The gel was chopped thoroughly until it had imbibed all of the surrounding fluid and was kept at 40°C for 16 hours. The transparent, rubbery particles were then added to 500 parts of methanol at 40°C and further chopped, converting them to opaque, sticky particles. The supernatant fluid was then removed, and 500 parts of fresh methanol were added and chopping was continued. A final decantation/addition/chopping produced hard particles which were stirred for 2 hours at 40°C and then isolated by filtration. These particles were dried under high vacuum at 60°C for 3 hours and pulverized to obtain 16.4 parts of a white powder.

Such powder had a gel volume of 59 g/g and an extractables content of 3.7%, The hydrogel formed from the powder had a shear modulus of 4.71×10³ dynes/cm². Degree of neutralization was 70%.

Example II

Another portion of the neutralized gel particles prepared as in Example I (before treatment with methanol) was dried directly at 80°C under high vacuum for 16 hours, pulverized, and redried for one hour. The resulting white powder has a gel volume of 45 g/g and an extractables content of 3.9% The hydrogel formed from this powder had a shear modulus of 9.68×10³ dynes/cm². Such a sample also has a degree of neutralization of 70%.

Example III

Four hundred and fifty parts of doubly distilled water, 92 parts of acrylic acid, and 1.87 parts of N,N'-methylenebisacrylamide were placed in a reaction vessel equipped with a mechanical stirrer, thermometer, and argon inlet. The solution was stirred at 25°C and purged with argon through a submerged dispersion tube for 1 hour. The solution was then vigorously stirred and cooled to 11°C; 0.025 parts of ascorbic acid dissolved in 2 parts of water, immediately followed by 0.050 parts of a 30% hydrogen peroxide, solution dissolved in 2 parts of water, were added. Within 3 minutes the mixture gelled and stirring was no longer possible. While maintaining external cooling at 2°C-5°C, the reaction temperature rose to 16°C after 30 minutes and then began to fall.

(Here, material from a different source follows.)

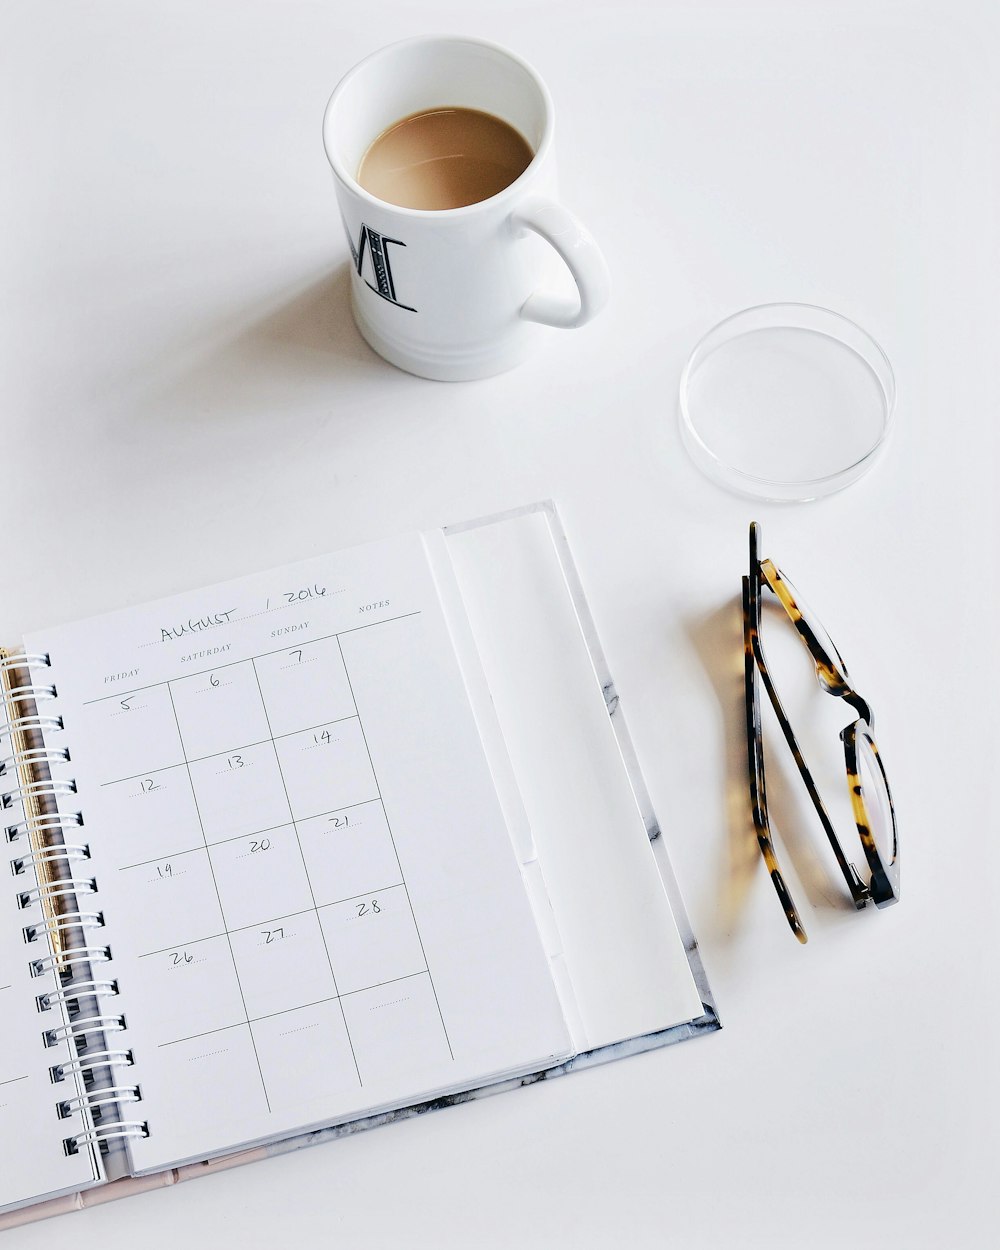 A calendar book, pair of glasses and cup of coffee on a white surface.

After heating the mixture to 40°C for three hours, the brittle gel was broken up and ground in a mortar and pestle to give small rubbery particles. A solution of 35.4 parts of sodium hydroxide in 1200 parts of water was added to the particles. After thorough mixing, all excess fluid had been imbibed.

The resulting gel particles were kept at 40°C for 16 hr. One portion of the gel particles was treated repeatedly with methanol and dried as described in Example I. After pulverization and an additional hour of drying, a white powder was obtained having a gel volume of 27 g/g and an extractables content of 0.4%. The powder forms a hydrogel having a shear modulus of 3.92×10⁴ dynes/cm². Degree of neutralization was 70%.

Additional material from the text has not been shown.